▶ _Brief_:
The expected output is an exact copy of the lines from the one containing "Three flower's digital artwork" to the final line below, minus any pictures.

[Given data — start]

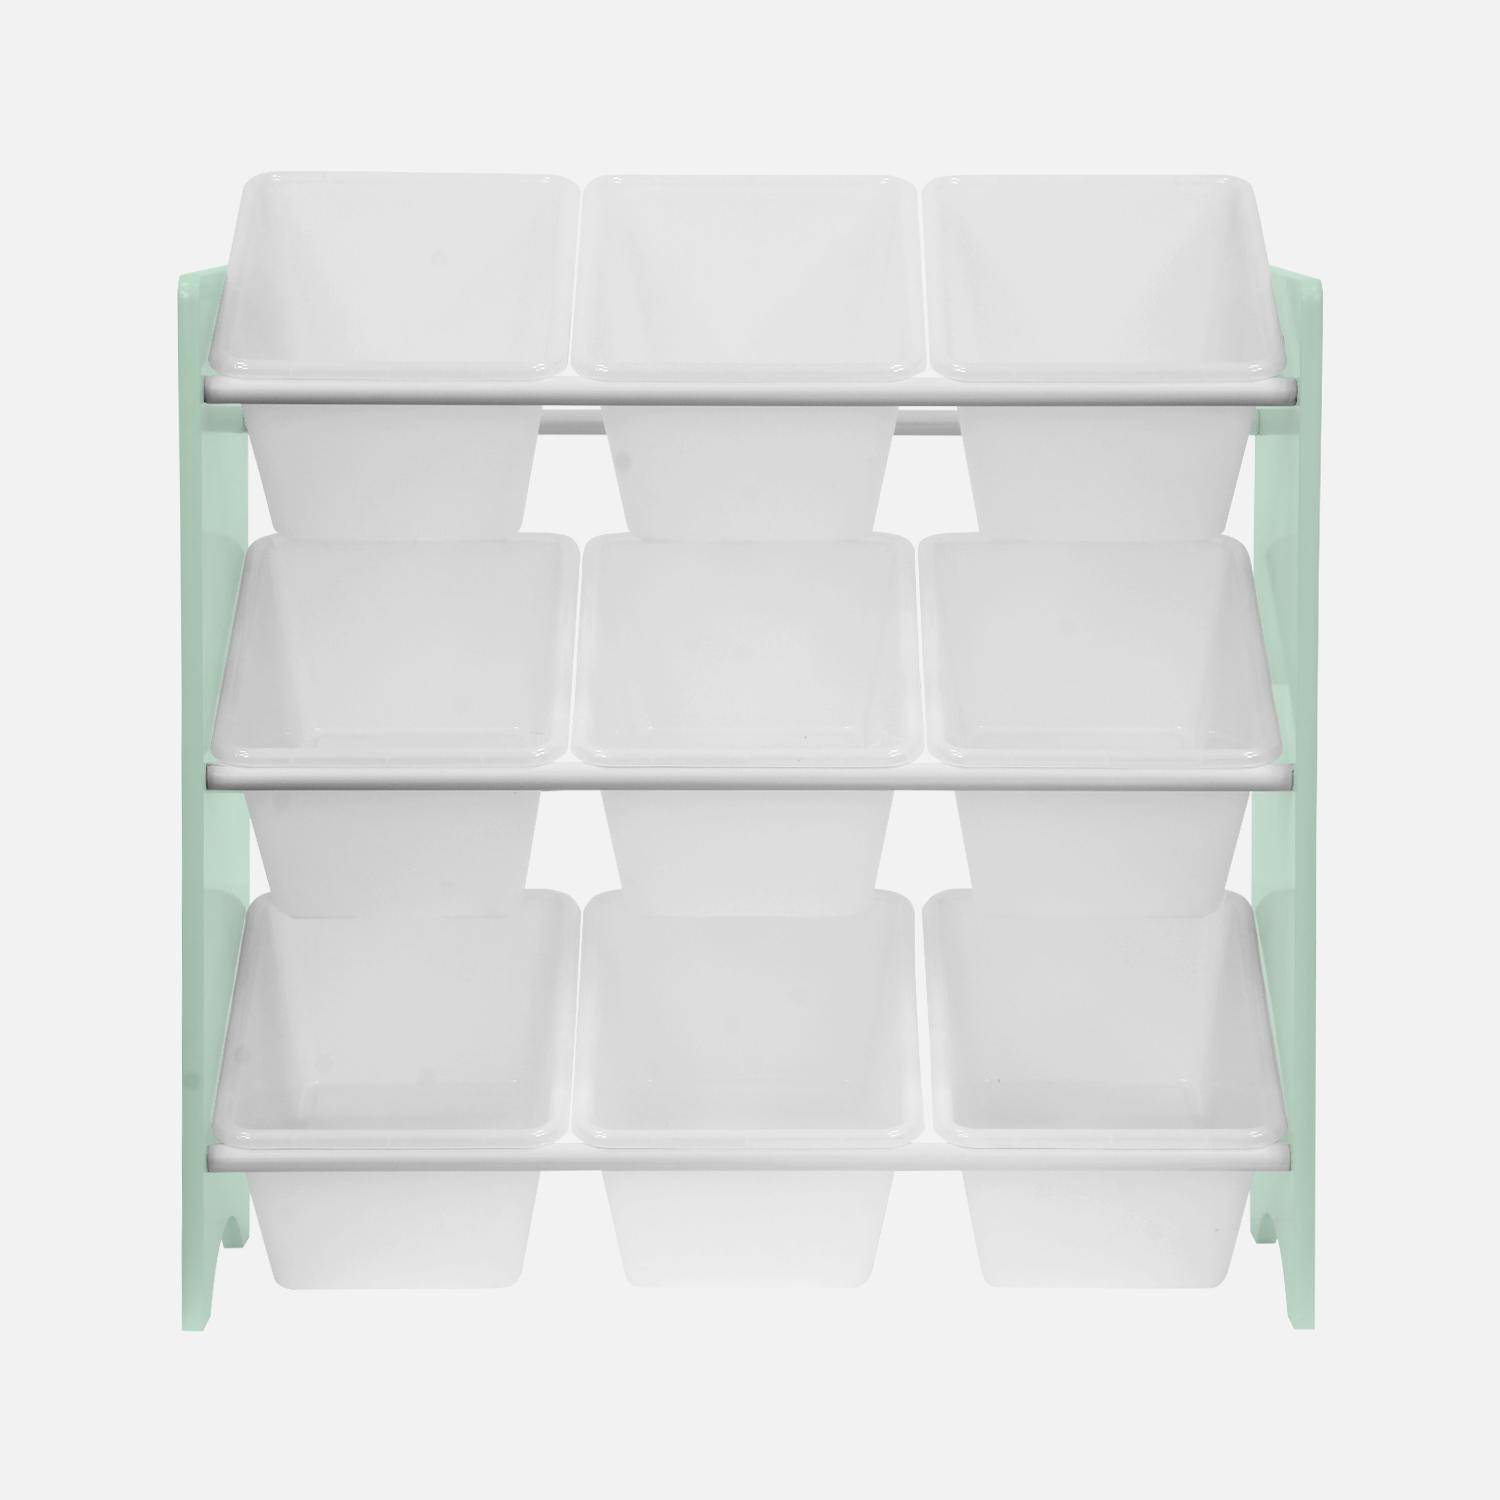 Storage unit for children with 9 compartments, celadon green - Tobias - MDF natural wood decor, 64x29.5x60cm Photo4
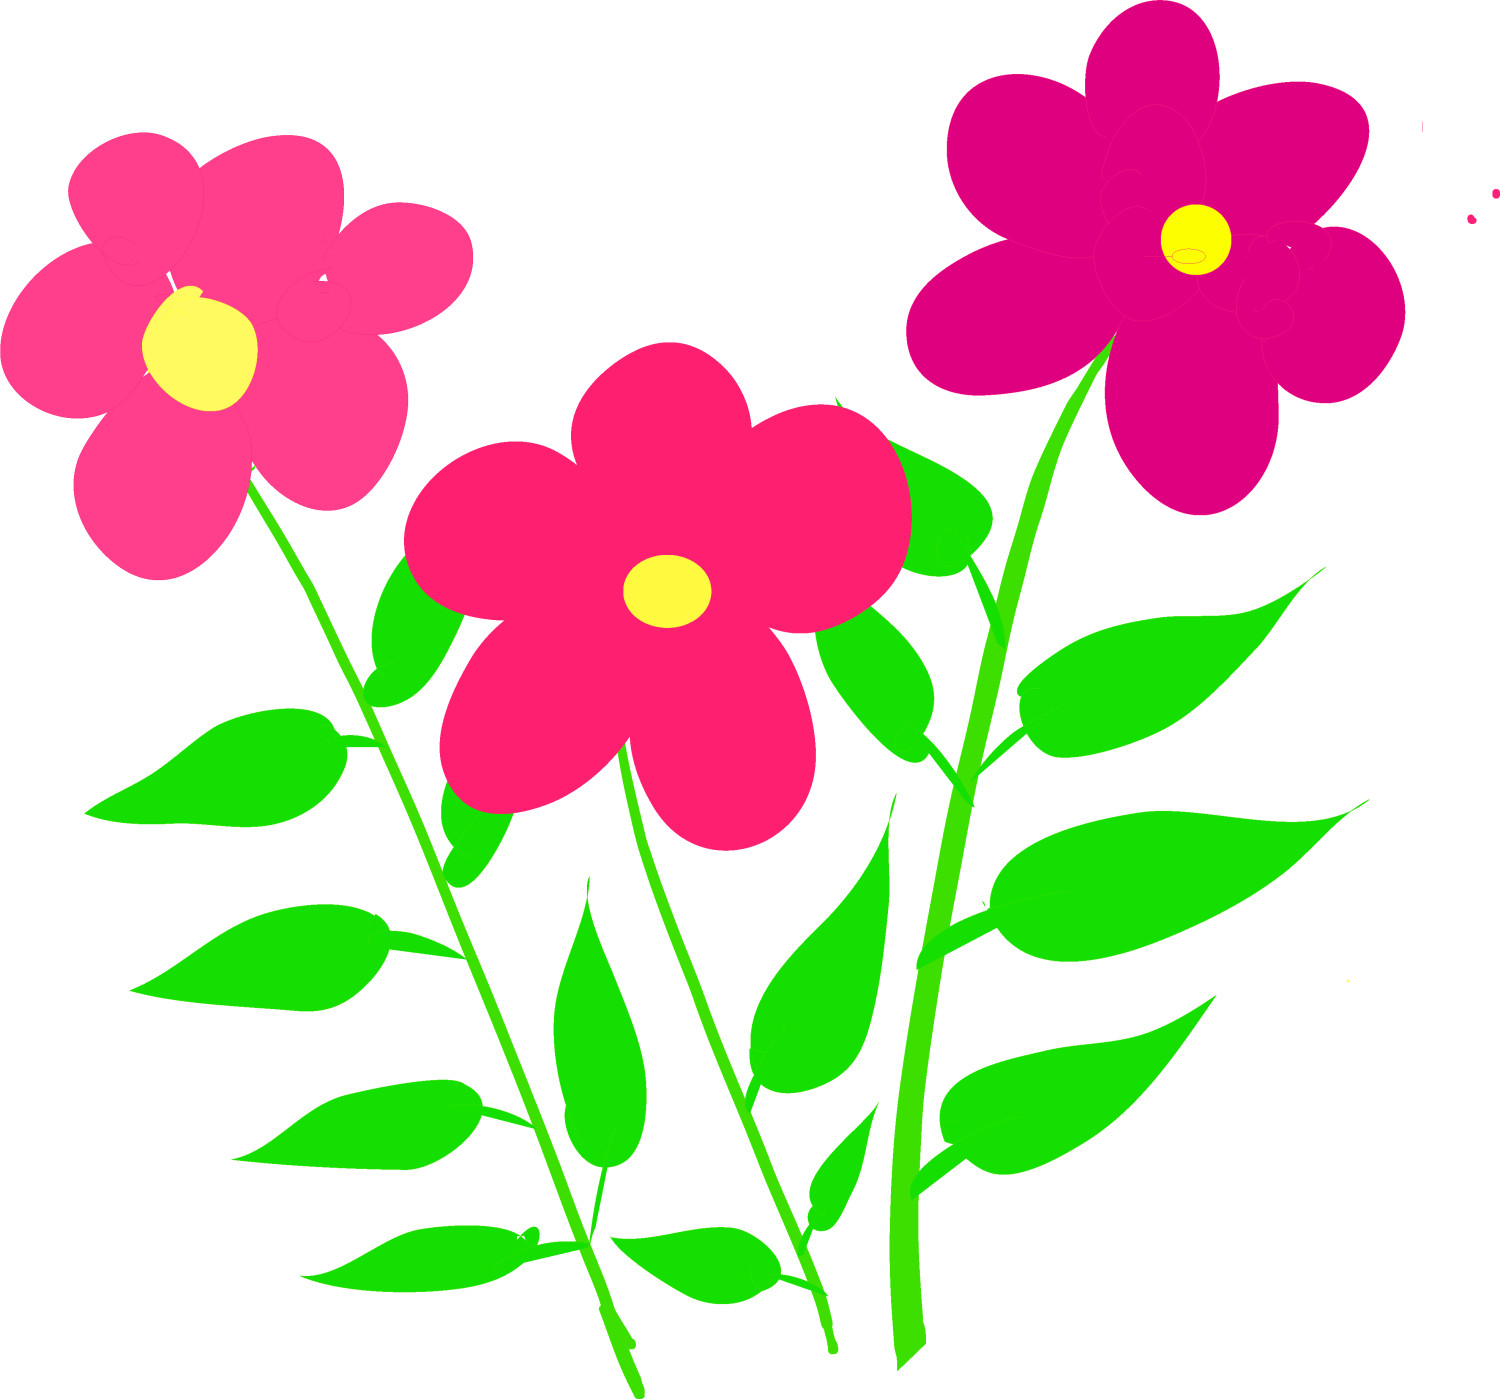 Three flower's digital artwork
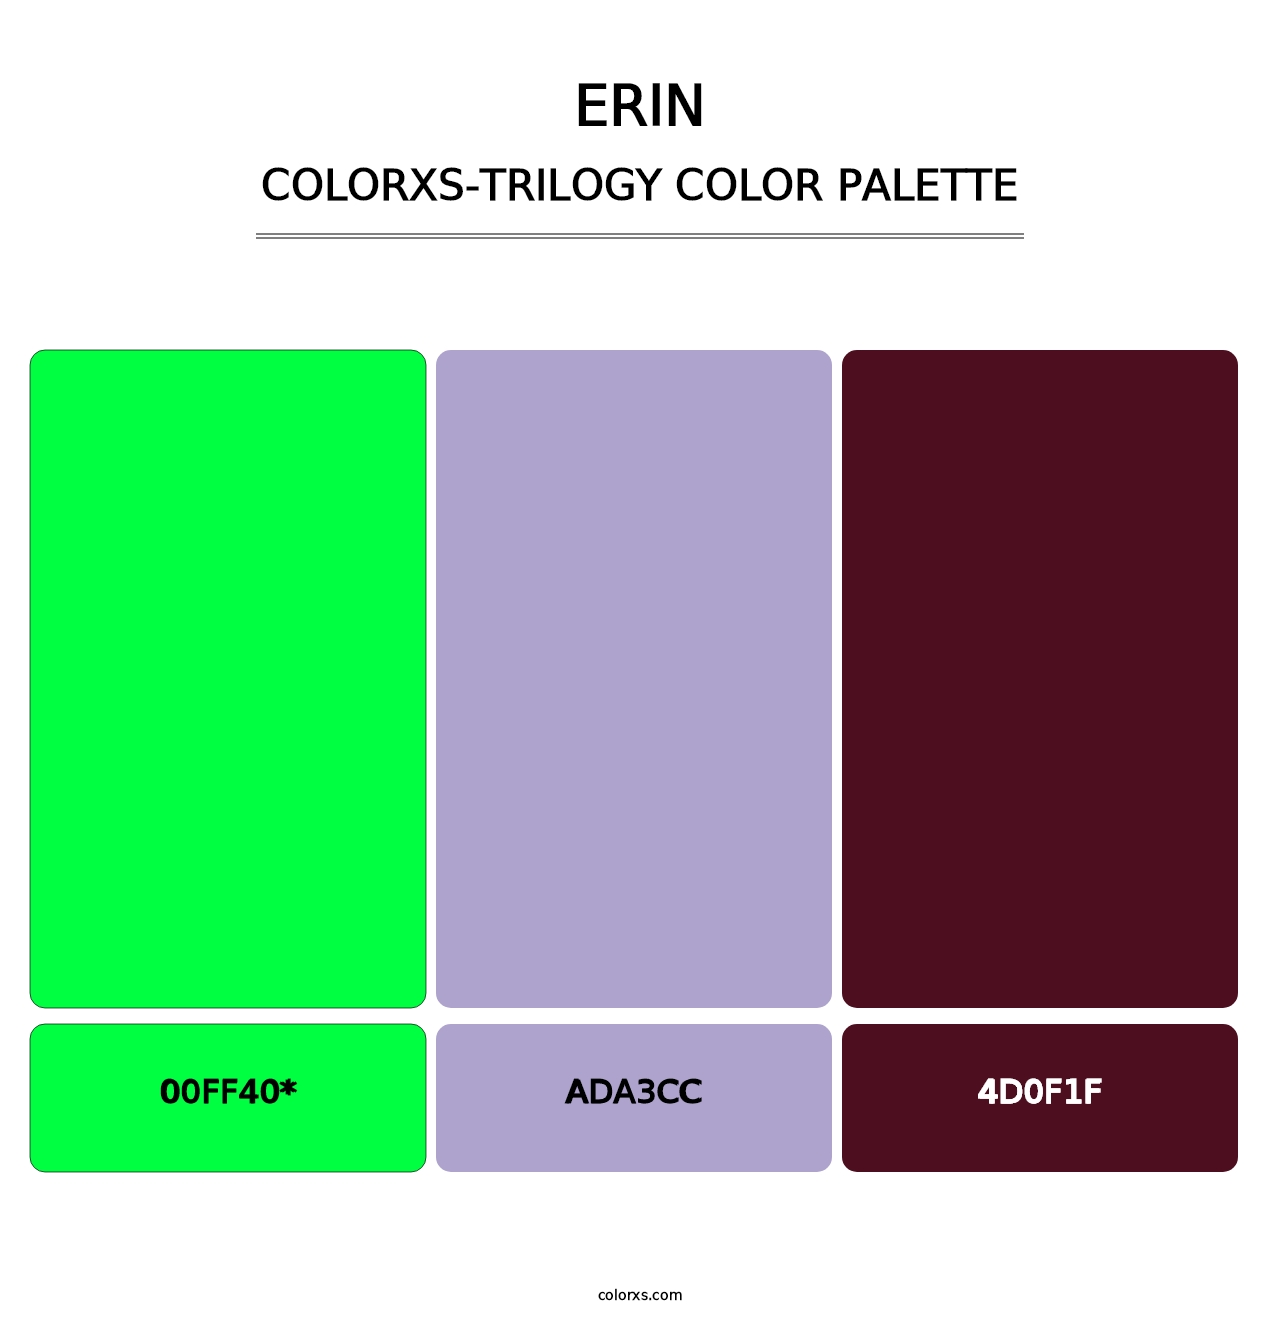 Erin - Colorxs Trilogy Palette
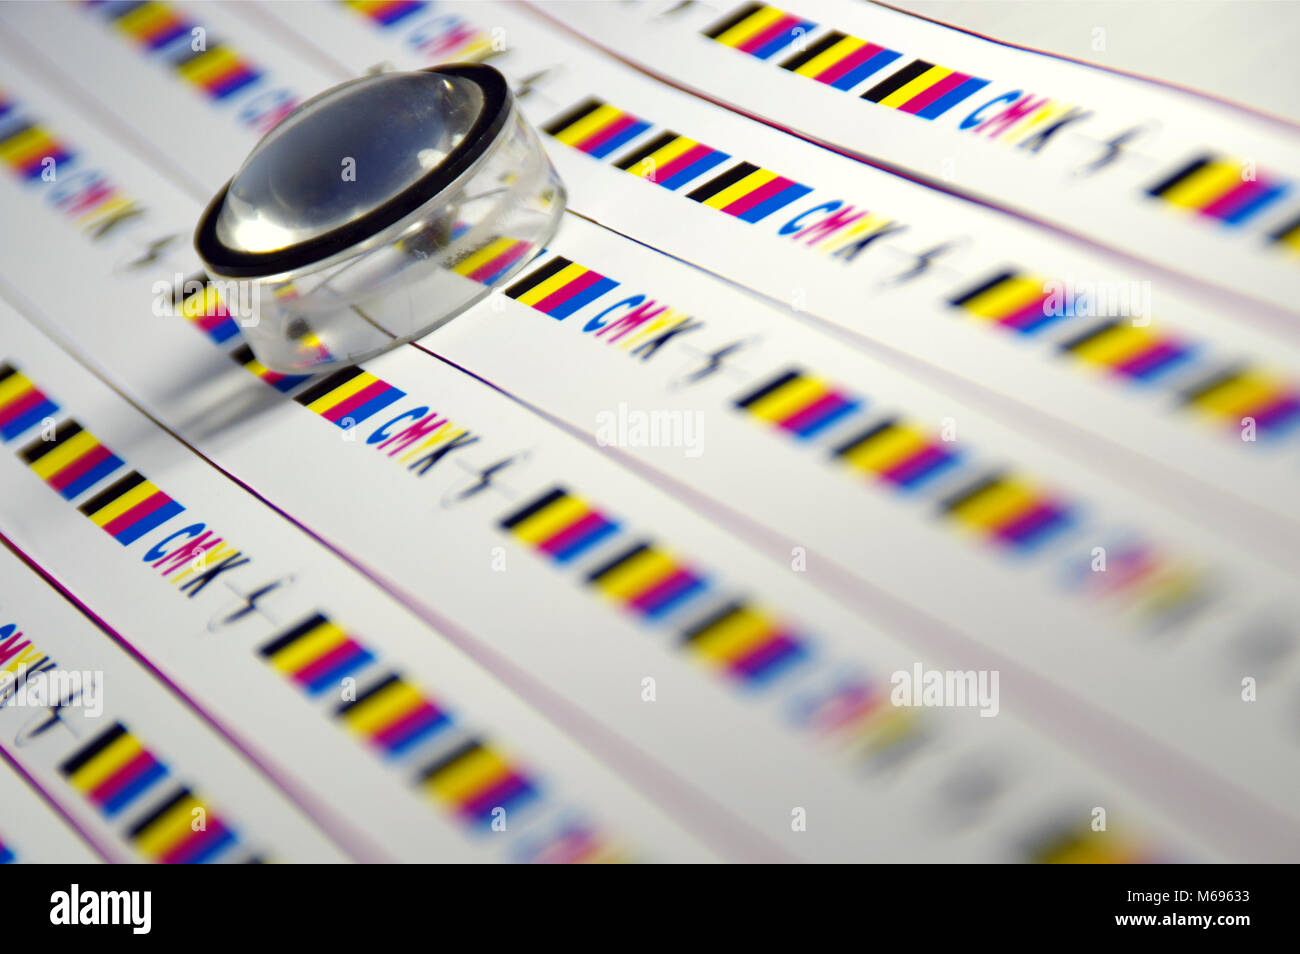 Magnifier on plotter test printout. Checking cmyk print quality. Stock Photo
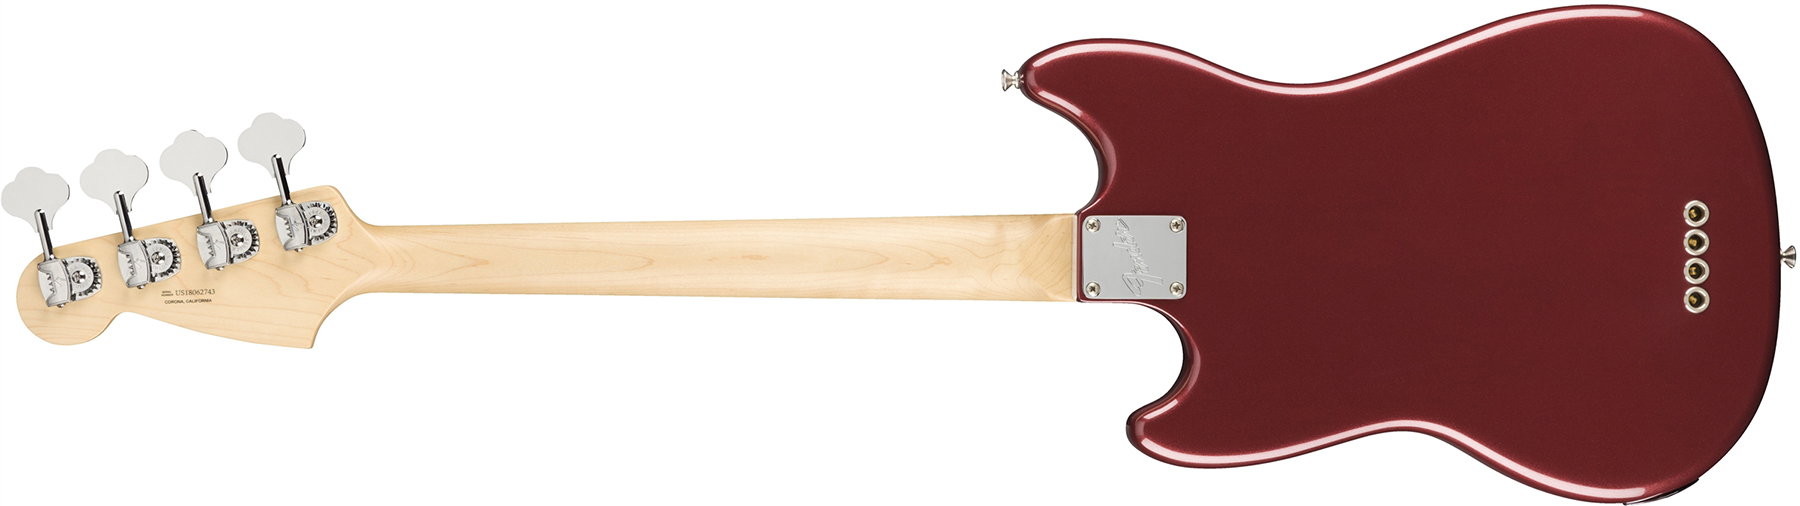 Fender Mustang Bass American Performer Usa Rw - Aubergine - Short scale elektrische bas - Variation 1

[Given data — finish]

▶ _Answer box_:
 Three flower's digital artwork
 Erin - Colorxs Trilogy Palette
 Magnifier on plotter test printout. Checking cmyk print quality. Stock Photo
 Fender Mustang Bass American Performer Usa Rw - Aubergine - Short scale elektrische bas - Variation 1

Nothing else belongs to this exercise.